At which point I am no longer able to access web.whatsapp.com.  Given 
that whatsapp is a facebook property, I tried the above against 
facebook.com, www.facebook.com, instagram.com, and www.instagram.com as 
well.  With the exception of instagram.com, the other three (facebook, 
www.facebook, www.instagram) return a hex (?) formatted version of the 
IP address, similar to what is seen in the later of the above examples.  
My thinking is (or was) that there are some issues relating to fb's DNS. 
 From outside of my network, however, other resolvers seem to be able to 
continually resolve the above names correctly.  I don't know what those 
resolvers are, but specifically I am referring to whatever Linode and 
DigitalOcean use in the nameservers they provide to their basic Linux 
vms (I am using the default network config in my vms at Linode and 
DigitalOcean).  I have a suspicion that Linode uses unbound, but I do 
not know how to verify that.  Oh, as far as I can tell, those 
facebook-family names *seem* to be the only names for which I see this 
behavior -- all other names that I have tried to run through dig (and 
nslookup) seem to return reasonable and seemingly correct results.
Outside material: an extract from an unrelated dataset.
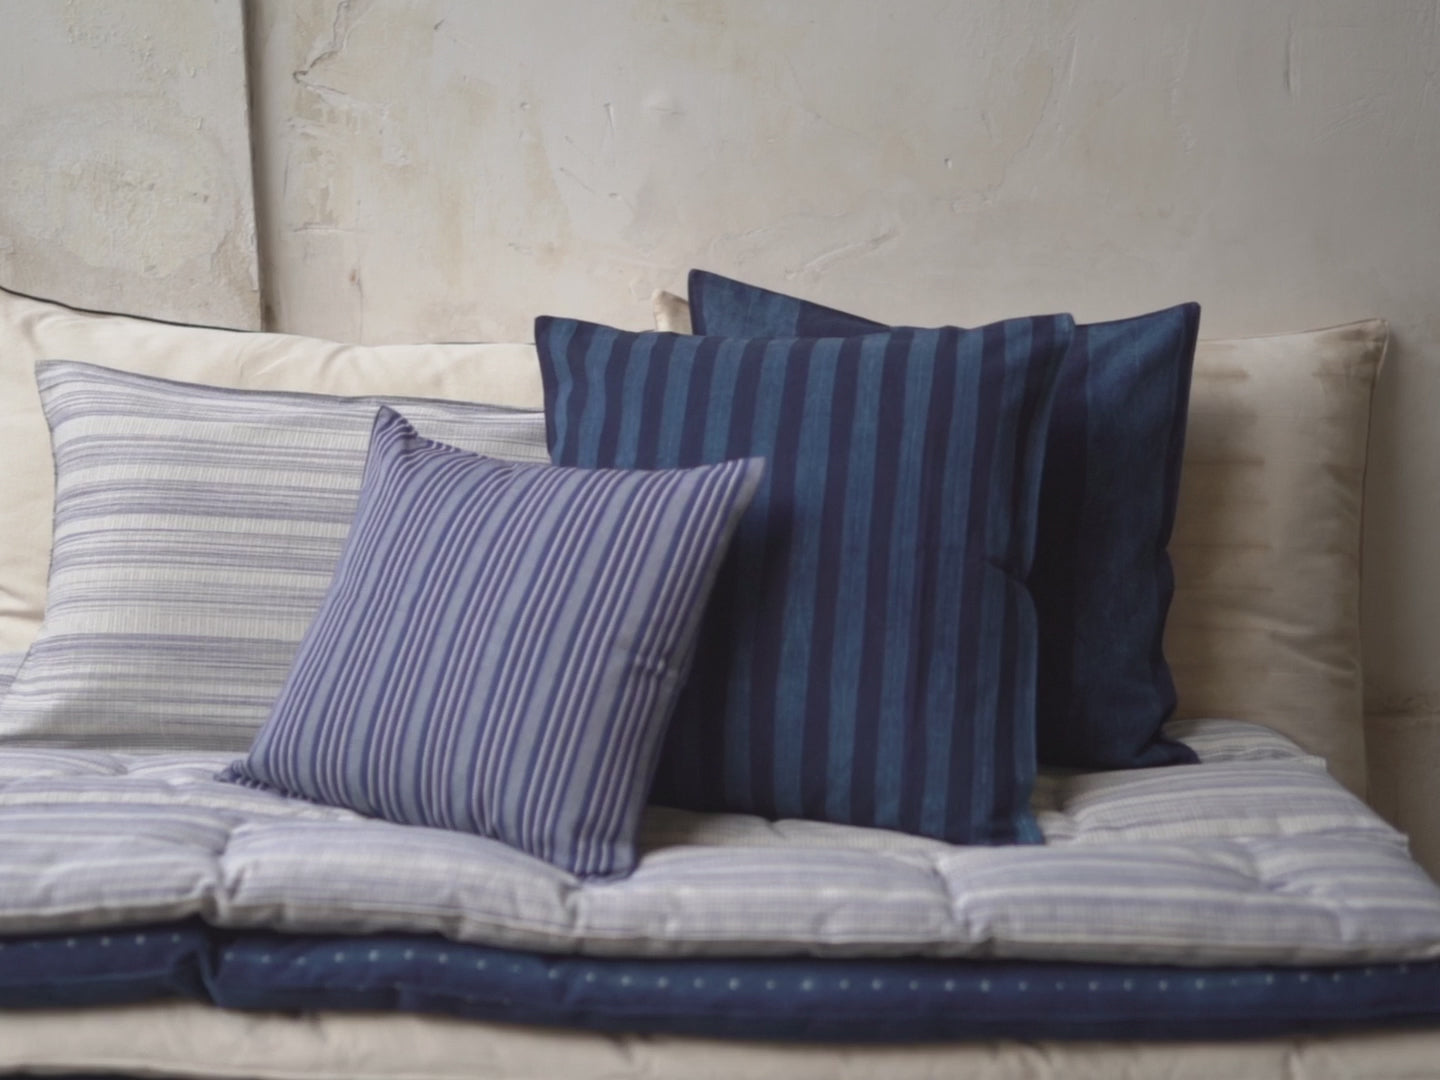 Cushion cover no 7 dark blue, 50 x 50 cm

A bit about my (home) network.  I have Cox cable internet service, an 
Arris SBG7580-AC, and an OpenBSD 6.5 machine that sits between the modem 
and the rest of the network.  I(we) do use the modem in router mode (but 
without using the built-in WiFi) as my wife's work git-up consists of a 
pre-configured black-box of a Juniper device.  Not wanting that device 
in the rest of our network, I set the modem to "RoutedWithNAT" and the 
two network devices plug into the modem, but provide two separate 
networks.  For remote ingress into the rest of the network, I set the 
modem's DMZ to point to the OpenBSD box.  My pf.conf does the usual 
small network stuff including NAT, a bit of redirection, etc.  It has 
changed very little in the past several years.  My unbound.conf is also 
nearly unchanged since I first set it up when OpenBSD dropped bind and 
replaced it with unbound.  My OpenBSD machine provides name resolving 
for the rest of the network.  My unbound.conf follows:


server:
interface: 0.0.0.0
interface: ::1
do-ip6: no

access-control: 0.0.0.0/0 refuse
access-control: 127.0.0.0/8 allow
access-control: 192.168.0.0/16 allow
access-control: 10.0.0.0/24 allow
access-control: 172.16.0.0/24 allow
access-control: ::0/0 refuse
access-control: ::1 allow

hide-identity: yes
hide-version: yes

# ftp://FTP.INTERNIC.NET/domain/named.cache
root-hints: "/var/unbound/etc/named.cache"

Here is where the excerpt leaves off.